> **DATA EXTRACT**:
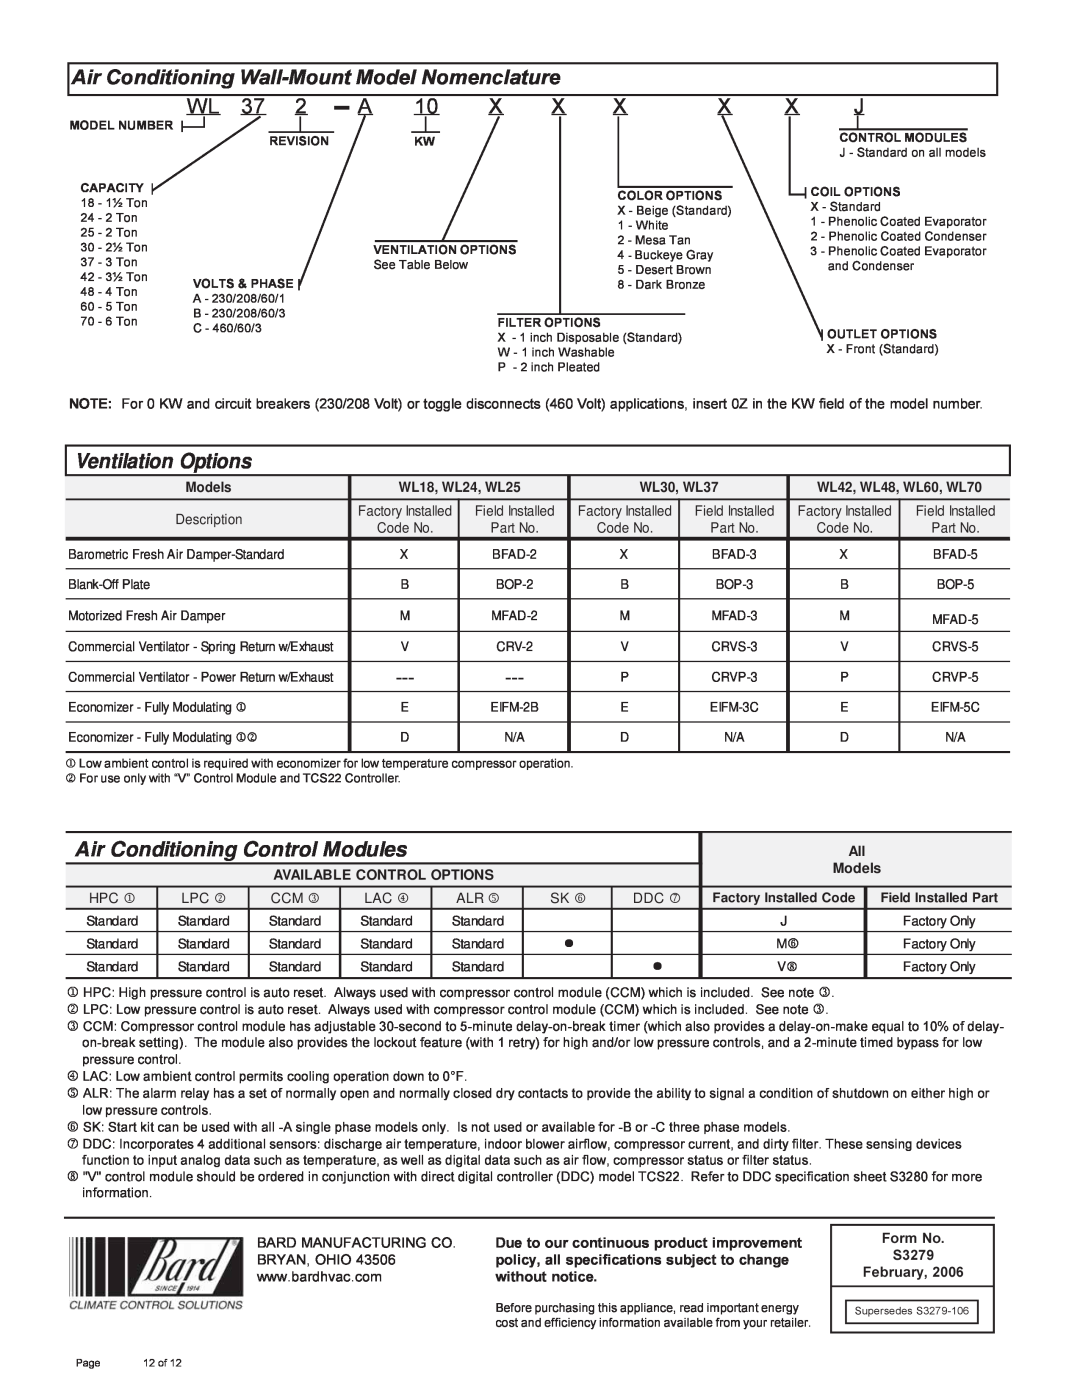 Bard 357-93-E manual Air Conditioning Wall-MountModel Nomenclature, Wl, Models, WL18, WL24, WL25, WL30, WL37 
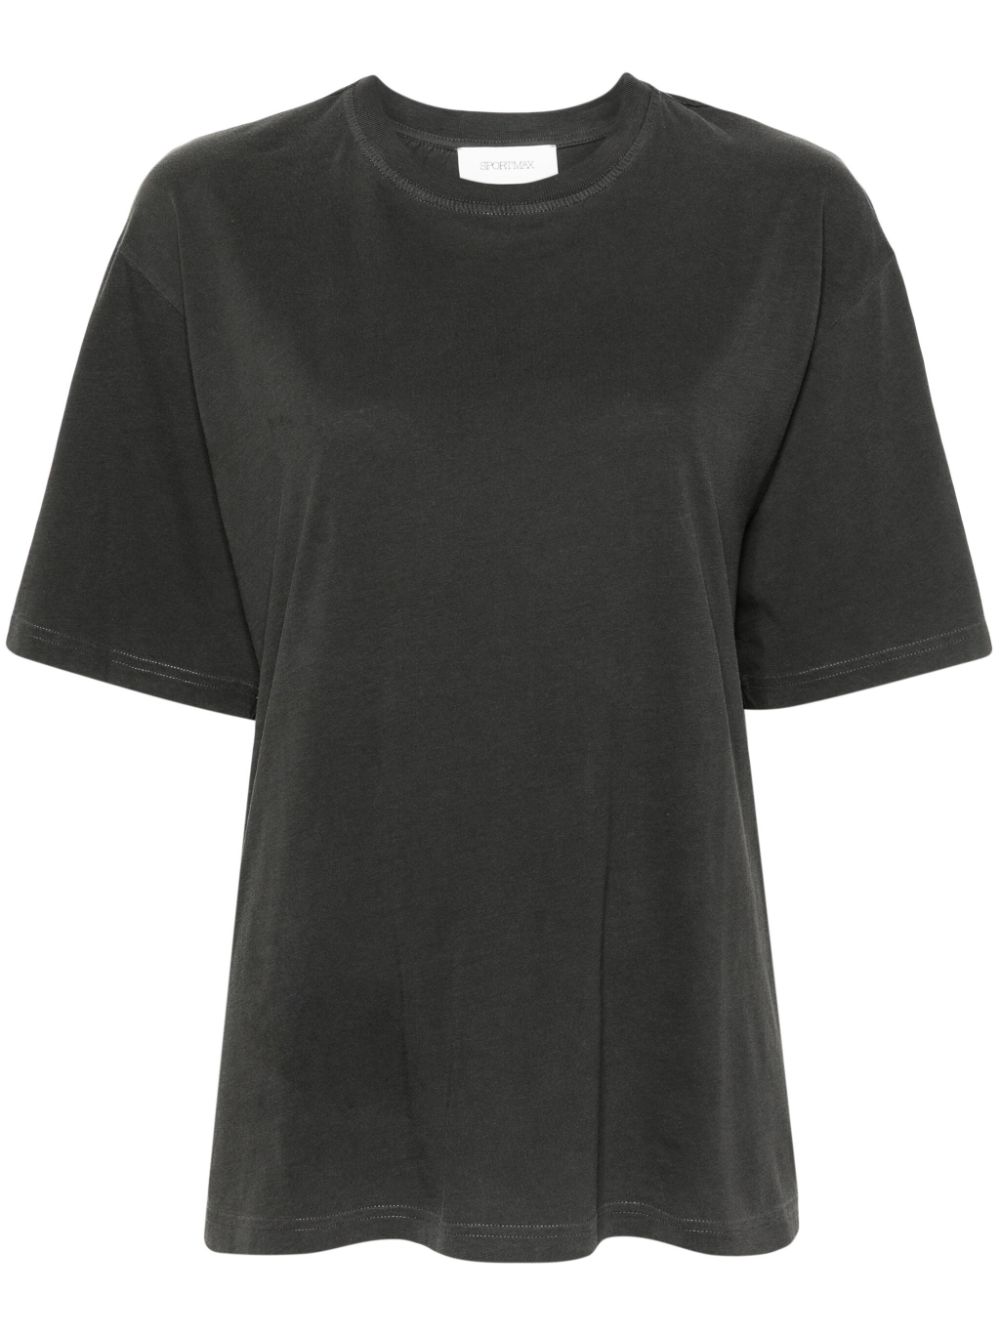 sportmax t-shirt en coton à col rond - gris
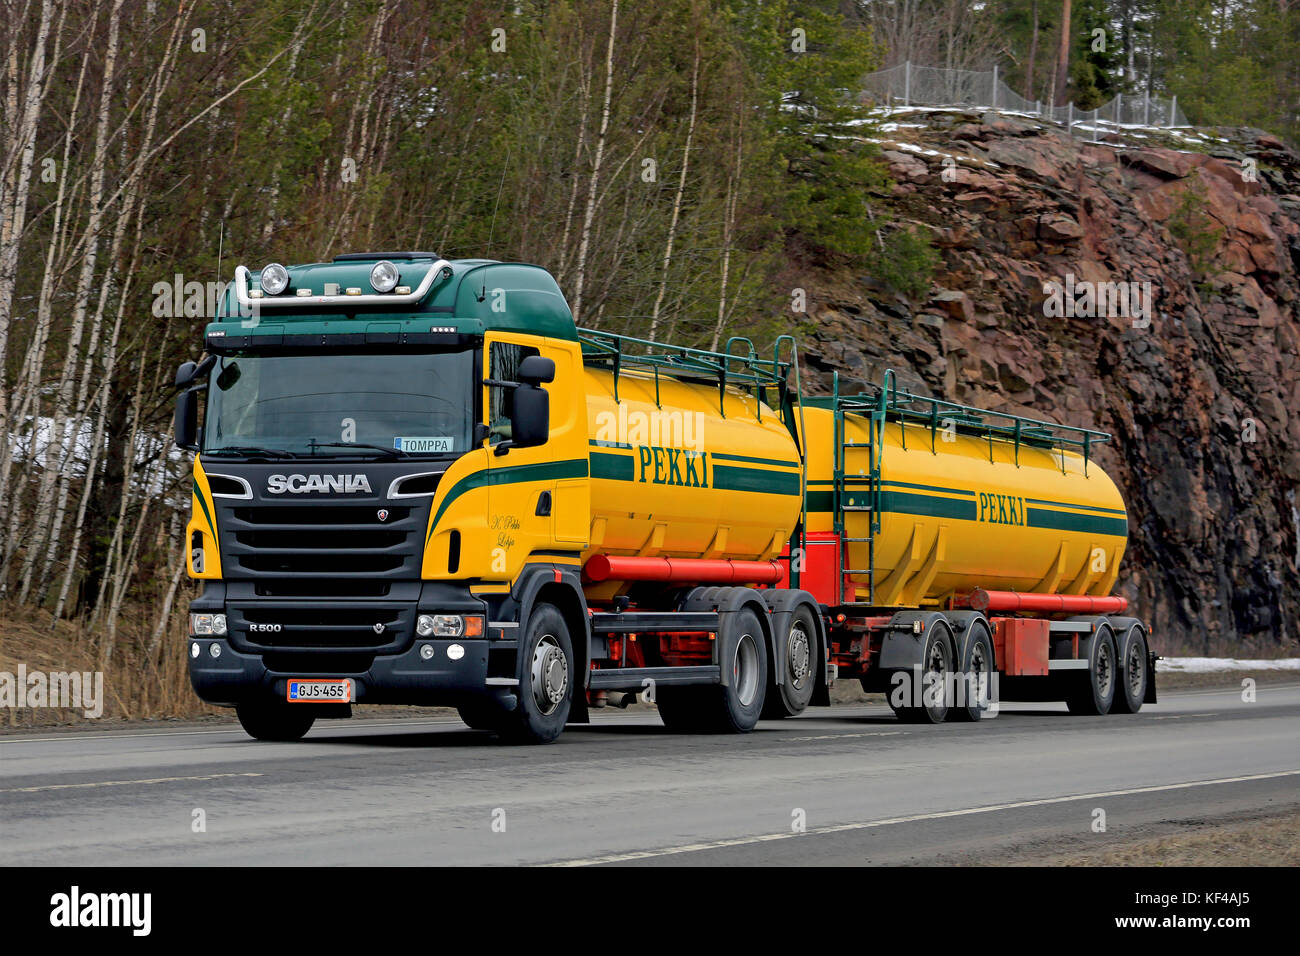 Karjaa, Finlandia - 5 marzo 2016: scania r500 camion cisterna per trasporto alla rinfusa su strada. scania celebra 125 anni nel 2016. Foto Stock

> **REQUIREMENT**: Skip the pictures, then return the rest of the data exactly.

> **RESPONSE**:
 Bard 357-93-E manual Air Conditioning Wall-MountModel Nomenclature, Wl, Models, WL18, WL24, WL25, WL30, WL37 
 sportmax t-shirt en coton à col rond - gris
 Karjaa, Finlandia - 5 marzo 2016: scania r500 camion cisterna per trasporto alla rinfusa su strada. scania celebra 125 anni nel 2016. Foto Stock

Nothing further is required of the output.